## RECORDS PROVIDED
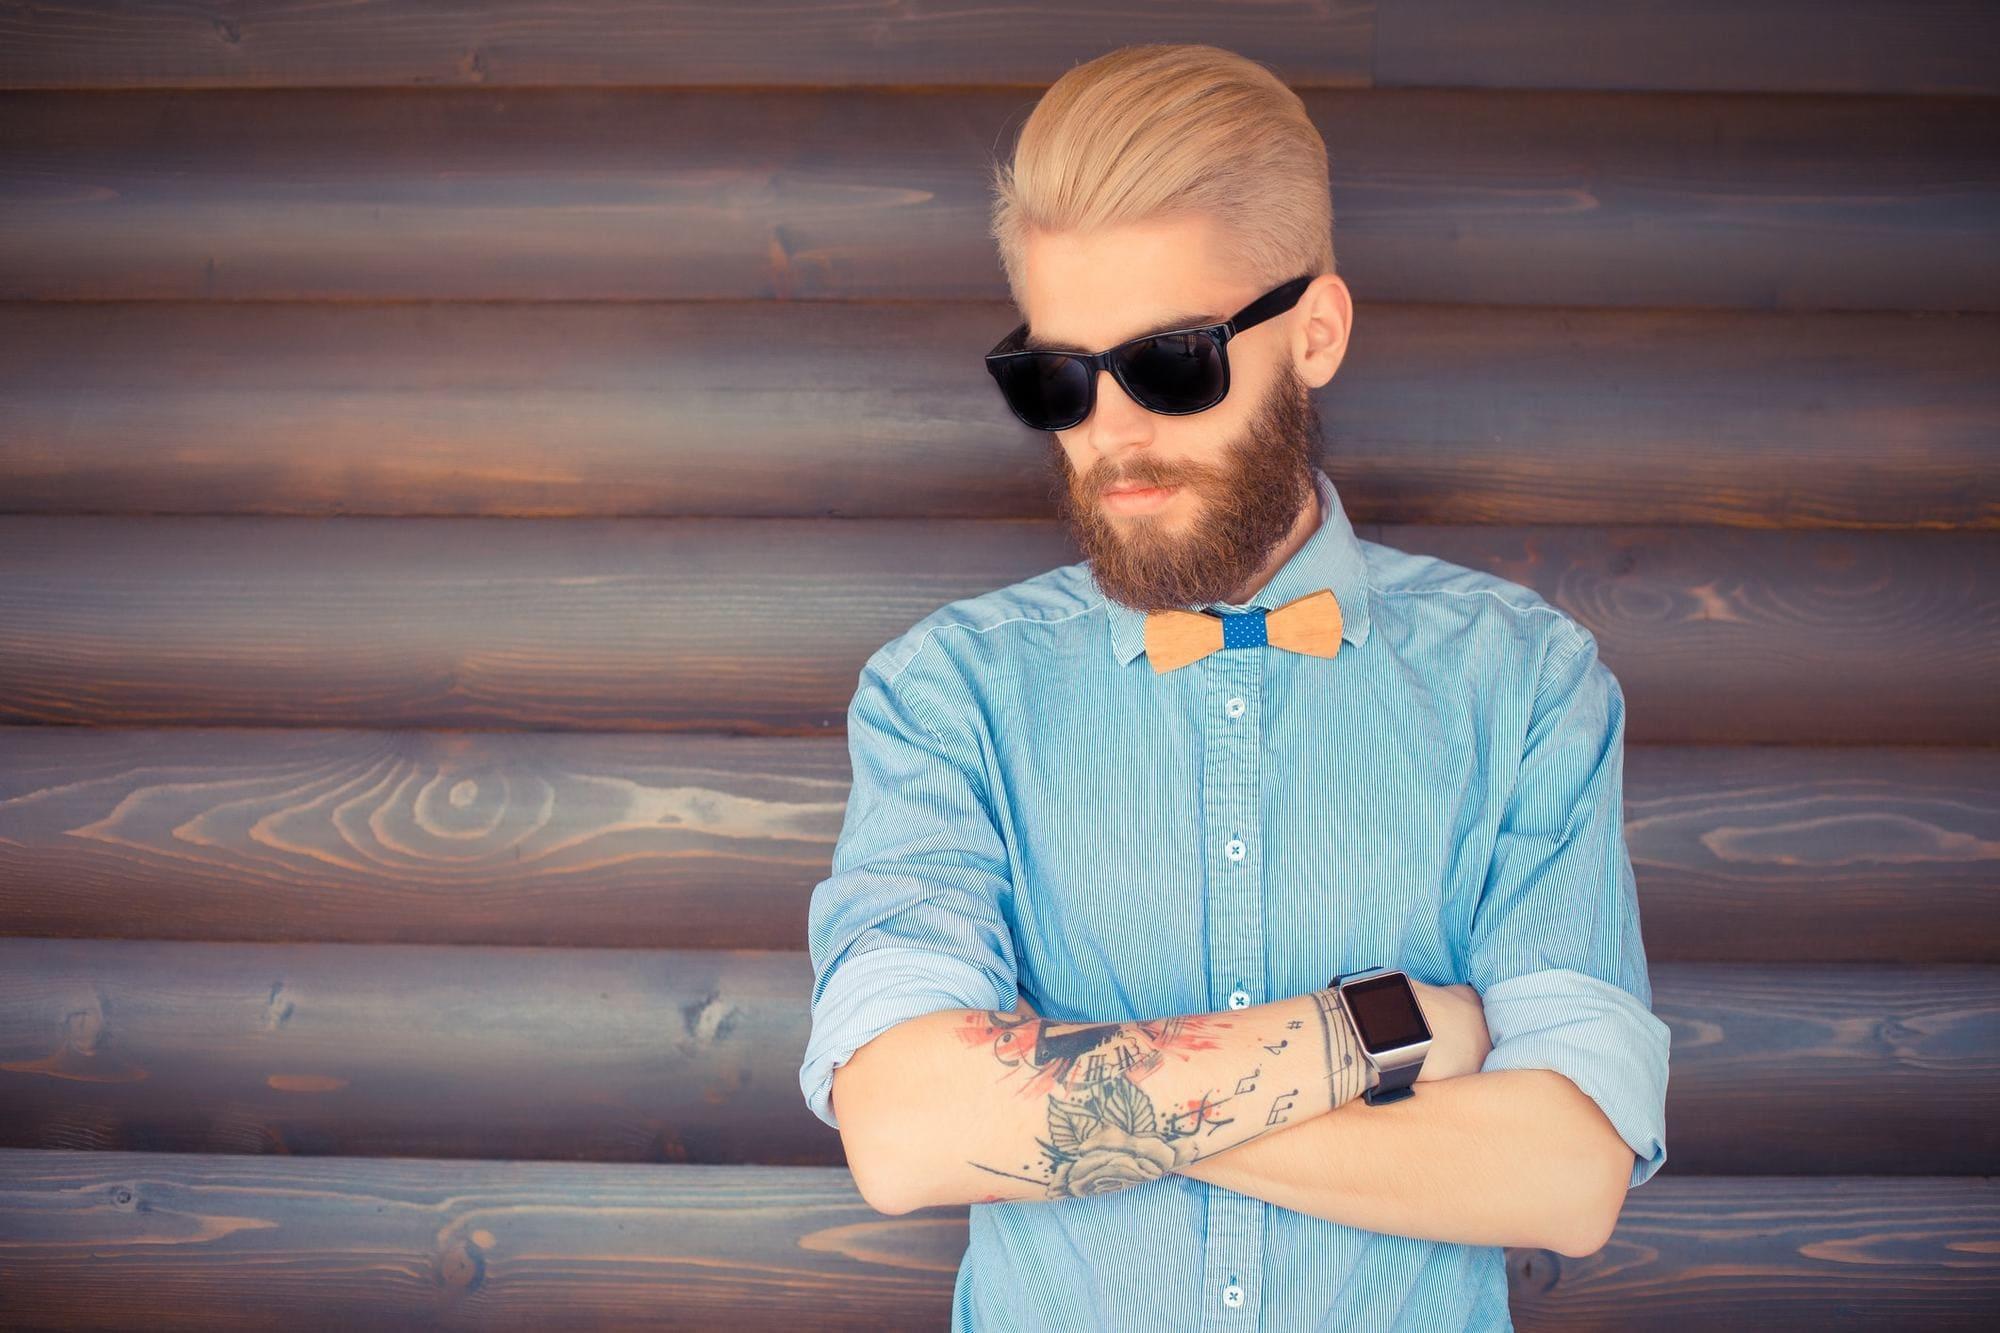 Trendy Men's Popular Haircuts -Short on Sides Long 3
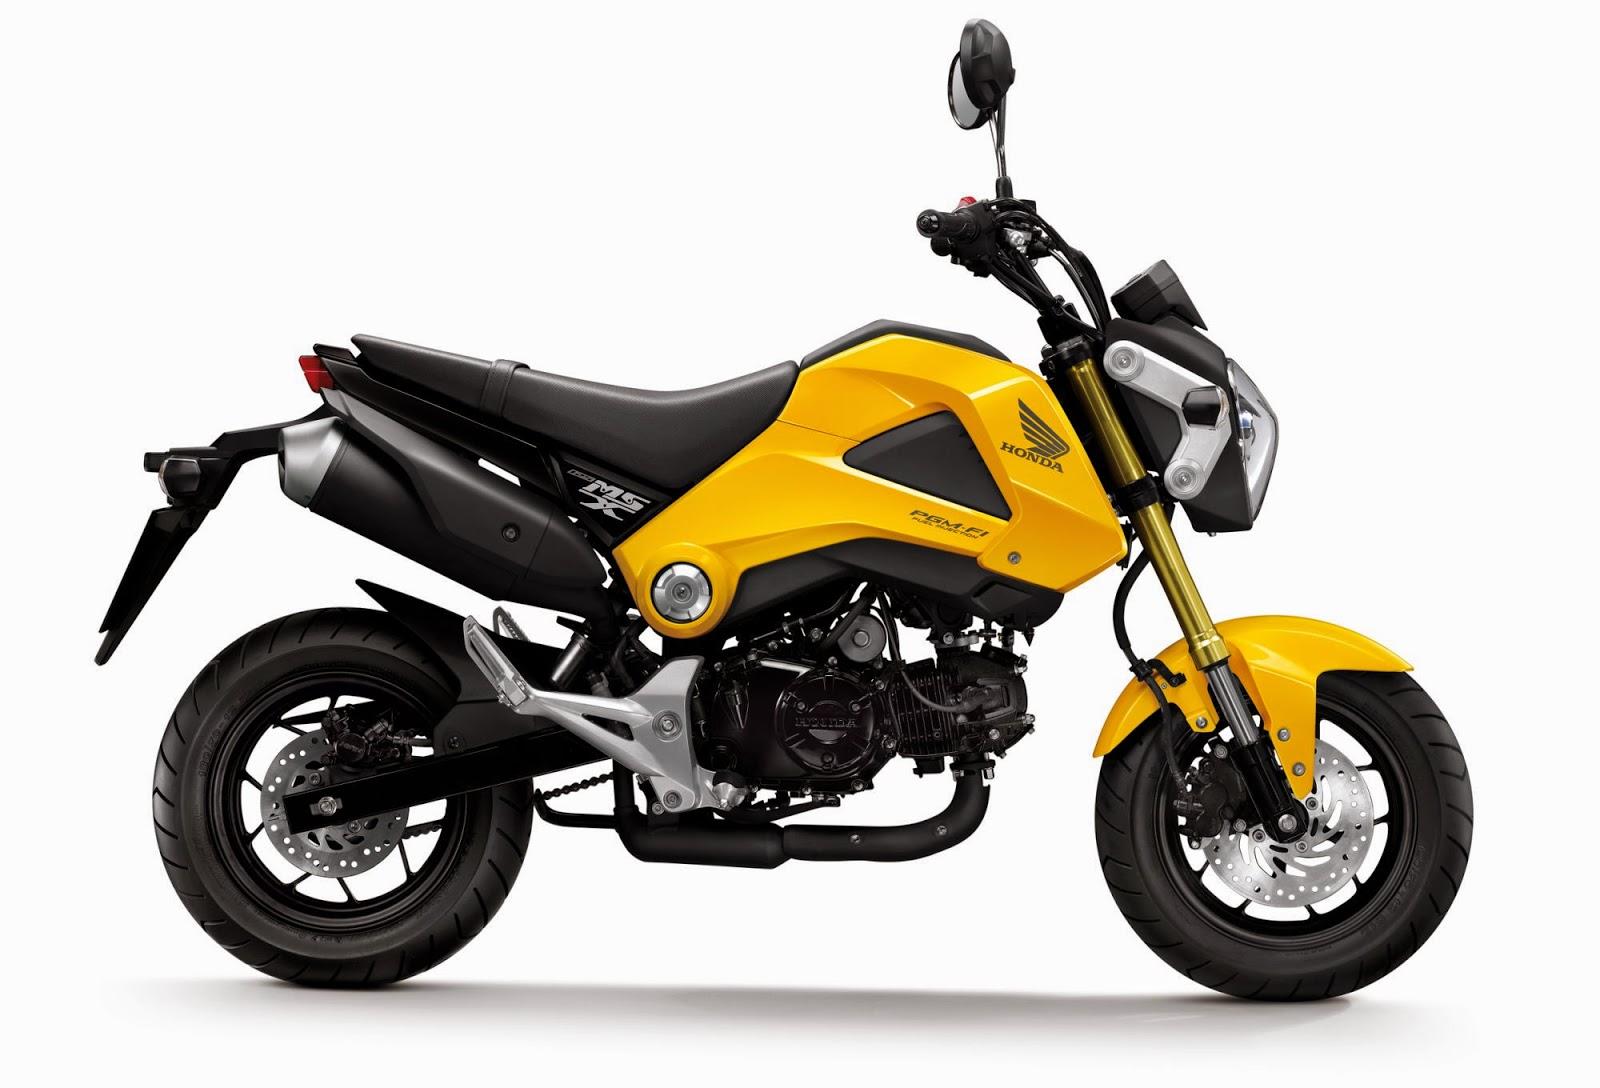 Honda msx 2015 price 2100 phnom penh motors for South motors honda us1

...

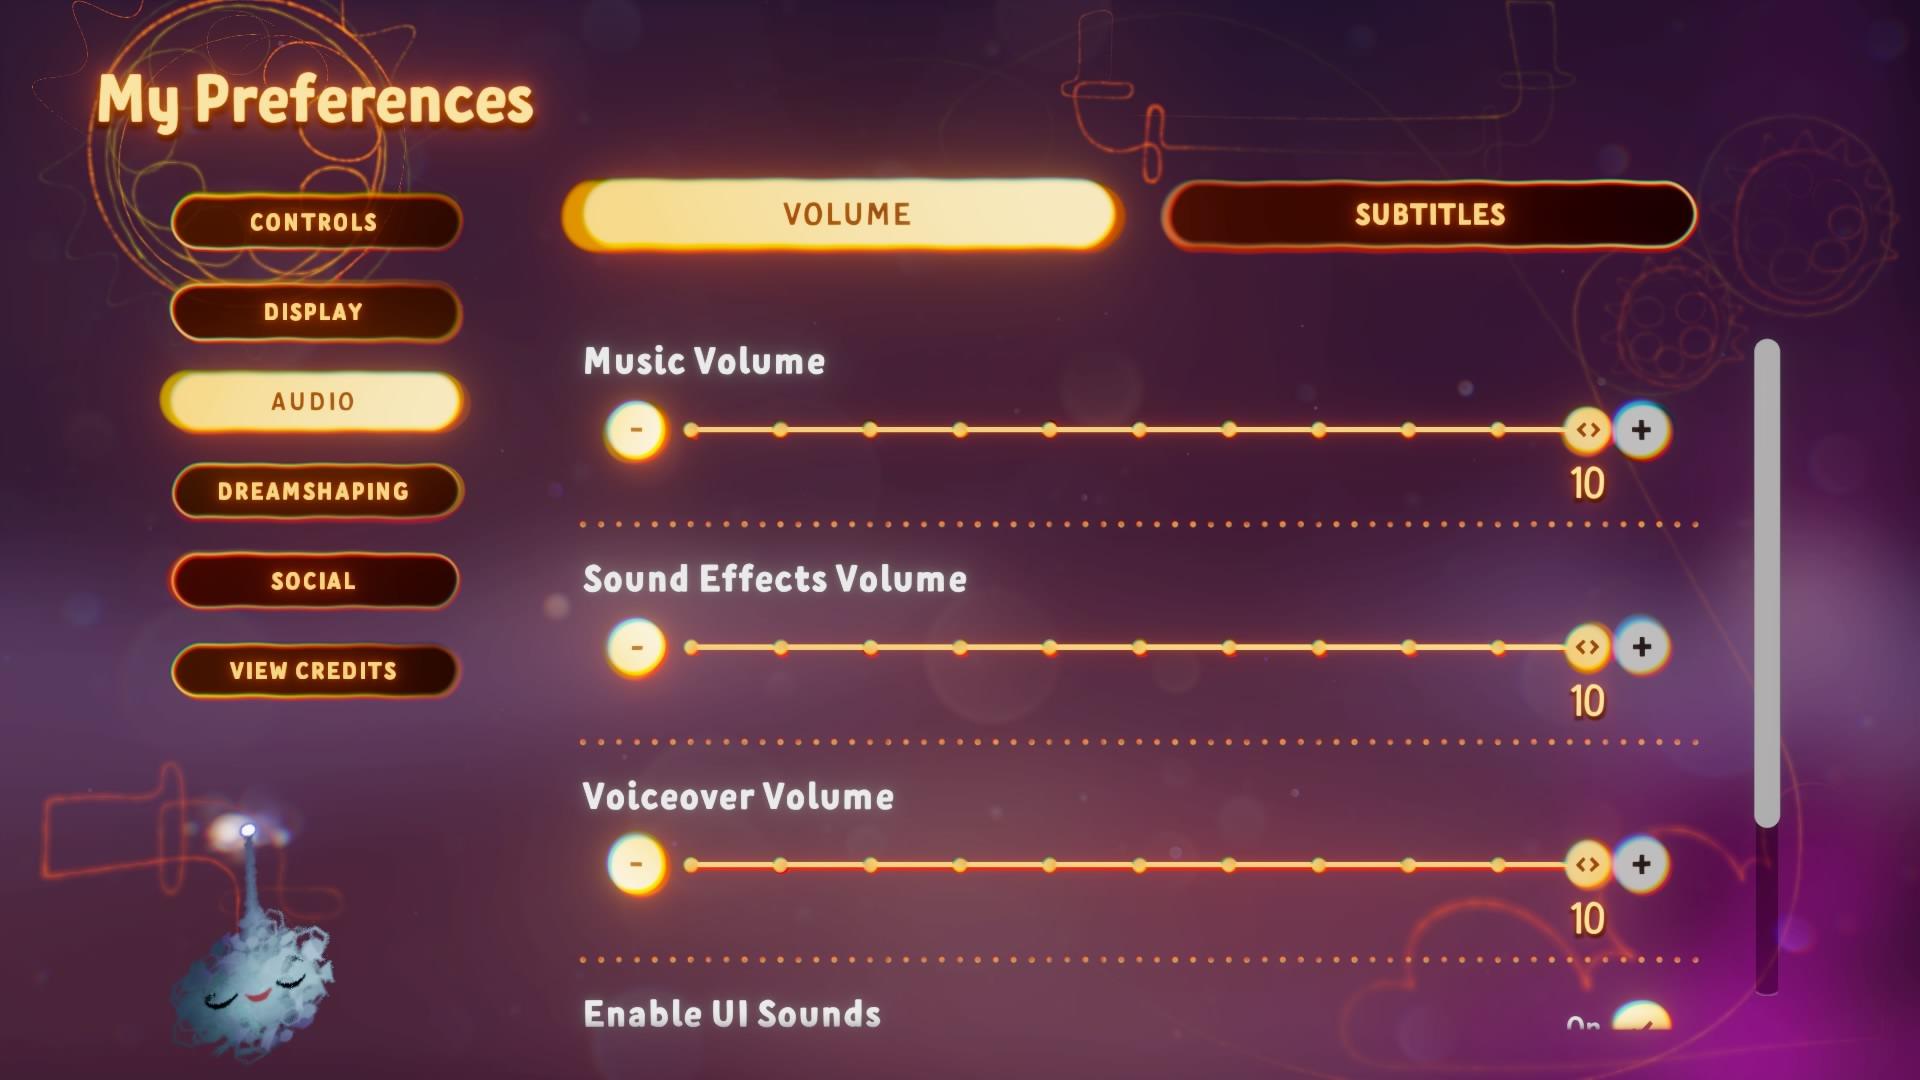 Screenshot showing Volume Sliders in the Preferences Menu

## GOAL OF THE EXERCISE
Output exactly, and only, the lines of the entries above from the one with "Trendy Men's Popular" up to and including the one with "Honda msx 2015"; pictures are to be left out.

## WRITTEN ANSWER
 Trendy Men's Popular Haircuts -Short on Sides Long 3
 Honda msx 2015 price 2100 phnom penh motors for South motors honda us1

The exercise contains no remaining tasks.